Zurück zur Übersicht

Liszt bleibt – Klassik Stiftung Weimar glücken wertvolle Erwerbungen

Die Klassik Stiftung Weimar kann am Ende des Liszt-Jubiläumsjahres bedeutende Neuzugänge ihrer Liszt-Bestände vermelden. Neben mehreren inhaltsreichen Briefen aus Liszts engstem Umkreis, die seinen im Goethe- und Schiller-Archiv bewahrten Nachlass ergänzen, konnte die Klassik Stiftung Weimar einige wertvolle Objekte aus dem Besitz des Münchner Pianisten und Liszt-Publizisten Ernst Burger erwerben. Burgers Veröffentlichungen über den Komponisten Franz Liszt u.a., vor allem seine prachtvollen Bildbiographien, zählen zu den Standardwerken der Musikliteratur.

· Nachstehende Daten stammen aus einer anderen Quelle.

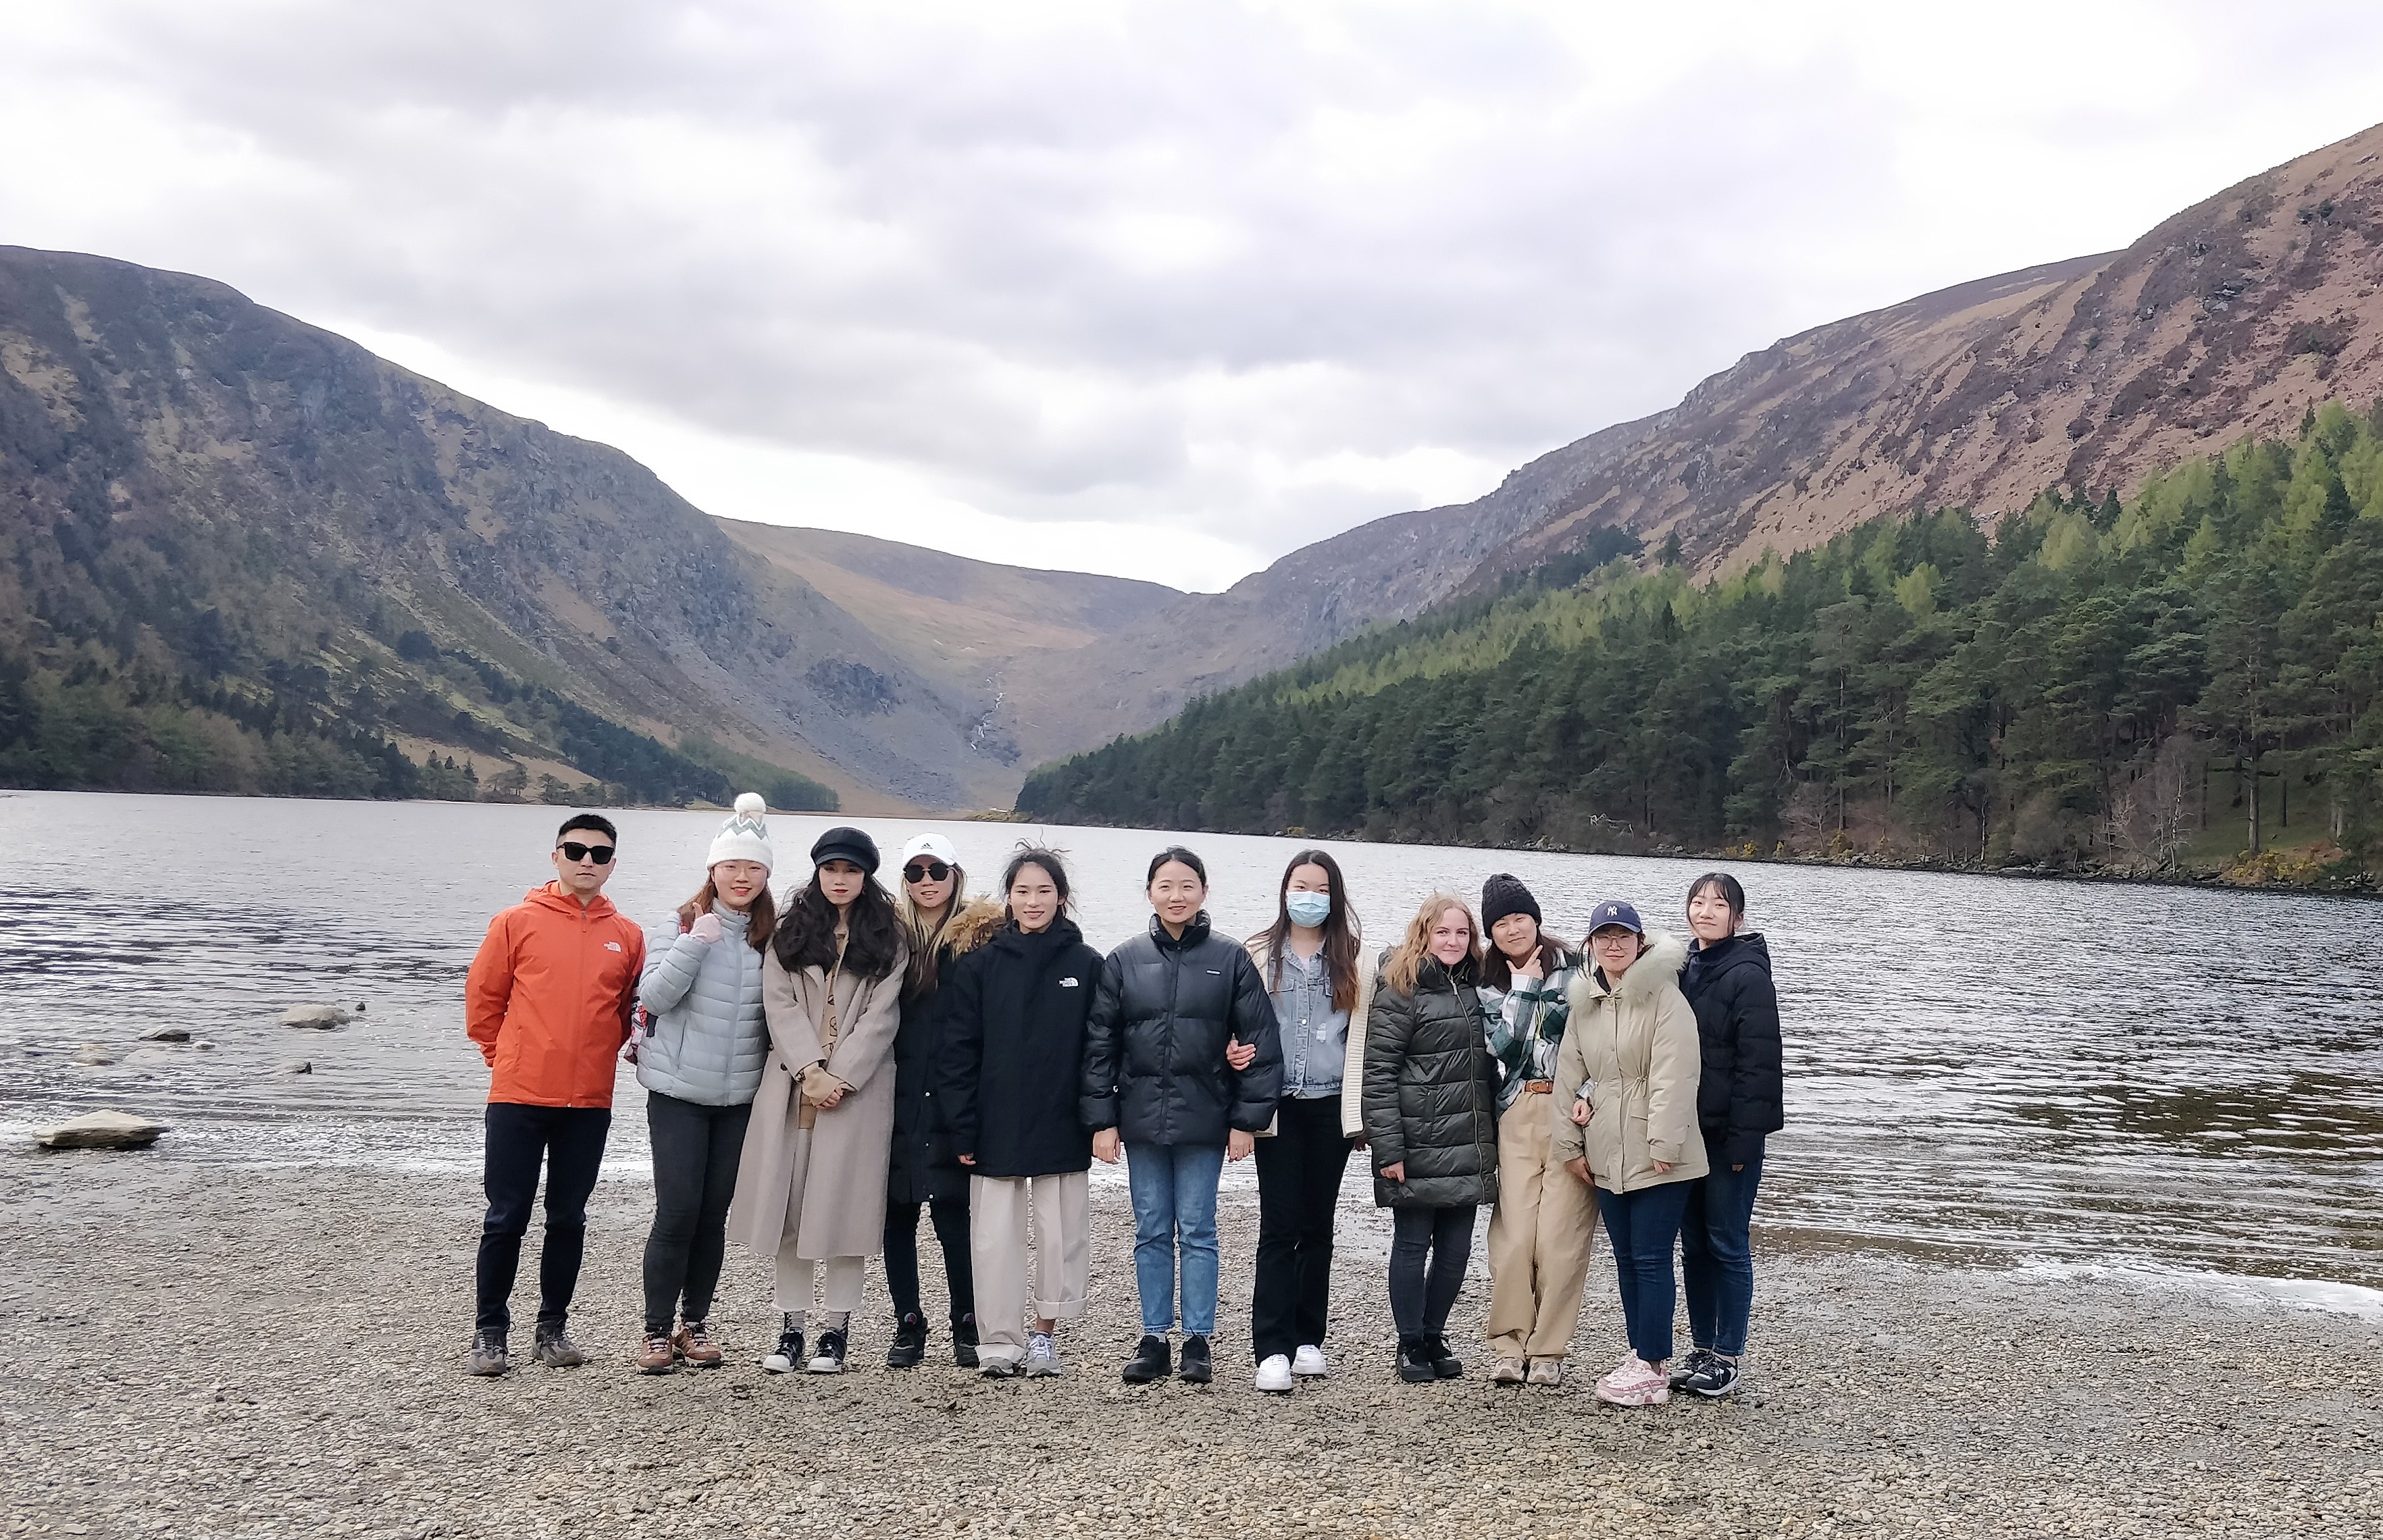 The Pre-Sessional Student Experience - make the most of your time in Ireland!
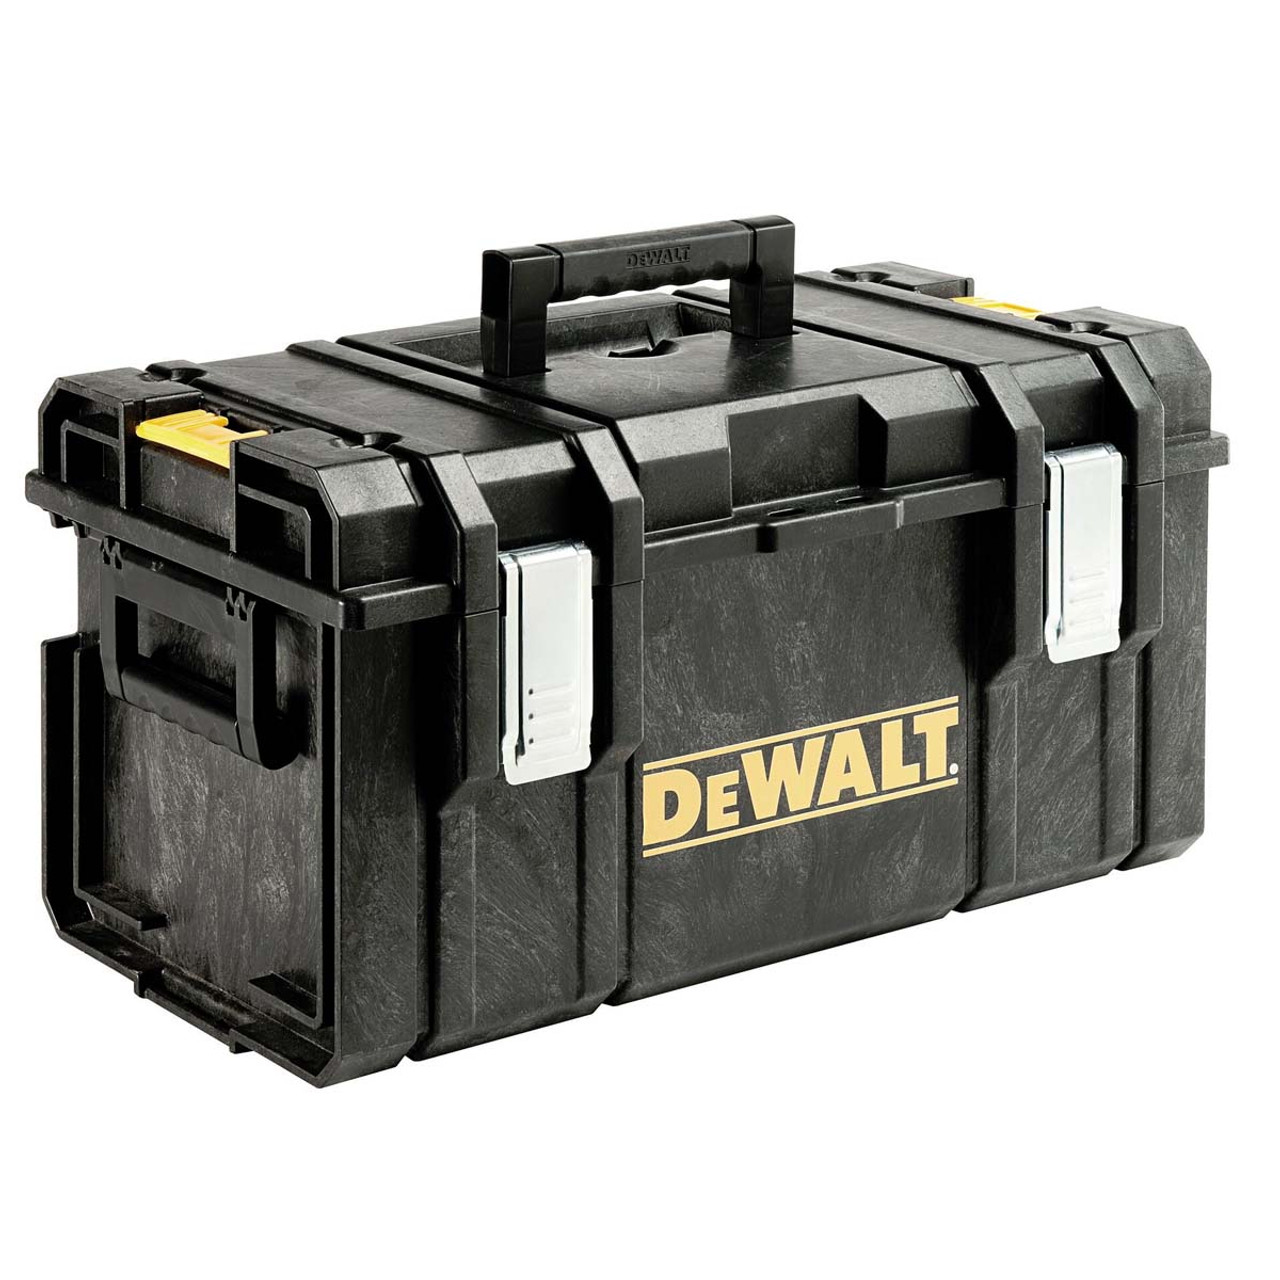 DS300 1-70-322 Toughsystem Tool box

Besondere Beachtung bei den erworbenen Objekten verdienen der von einem unbekannten Künstler gefertigte Gipsabguss der Kinderhand Liszts und die Koffer-Schreibgarnitur von Franz Liszt. Beide Stücke wurden bereits in der Landesausstellung »Franz Liszt – Ein Europäer in Weimar« im Schiller-Museum präsentiert.

Der Gipsabguss ist aus dem Vorbesitz Eleonore Rechers (1916–2001), der Enkelin von Berthold Kellermann (1853–1926), in Ernst Burgers Liszt-Sammlung gelangt. Kellermann war ein Schüler Liszts und später Mitherausgeber der Großherzog-Carl-Alexander-Ausgabe der Werke des Komponisten. Das anrührende Erinnerungsstück zeugt von der Begeisterung, die Franz Liszt schon als ›kleiner Wundermann am Klavier‹, wie er in Wien genannt wurde, in den Musikmetropolen Europas entfacht hatte.

Die Schreibgarnitur, ein Reiseschreibnecessaire vermutlich französischer Herkunft, wird Liszt vor allem auf seinen späteren Konzertreisen gedient haben. Ähnlich einem Laptop lässt sie sich aufklappen und konnte somit als Schreibpult verwendet werden. Tintenfass, Streusanddose und eine Federnschale, die im Innenleben untergebracht werden können, waren unentbehrliche Werkzeuge des Komponisten. Somit konnte Liszt auch in der Reisekutsche seine Korrespondenz erledigen oder an den Kompositionen arbeiten, wenn er nicht gerade mit Fingerübungen auf der stummen Klaviatur beschäftigt war.

Noch bis Ende des Jahres ist das Liszt-Haus tgl. außer montags von 10 bis 18 Uhr geöffnet sowie an den Weihnachtsfeiertagen und an Silvester von 10 bis 16 Uhr. Heiligabend ist das Haus geschlossen. Öffentliche Führungen bietet die Klassik Stiftung mittwochs um 15 Uhr und samstags um 13 Uhr an. Ab Januar 2012 ist das Liszt-Haus im Zuge der Winteröffnungszeiten nur am Wochenende geöffnet.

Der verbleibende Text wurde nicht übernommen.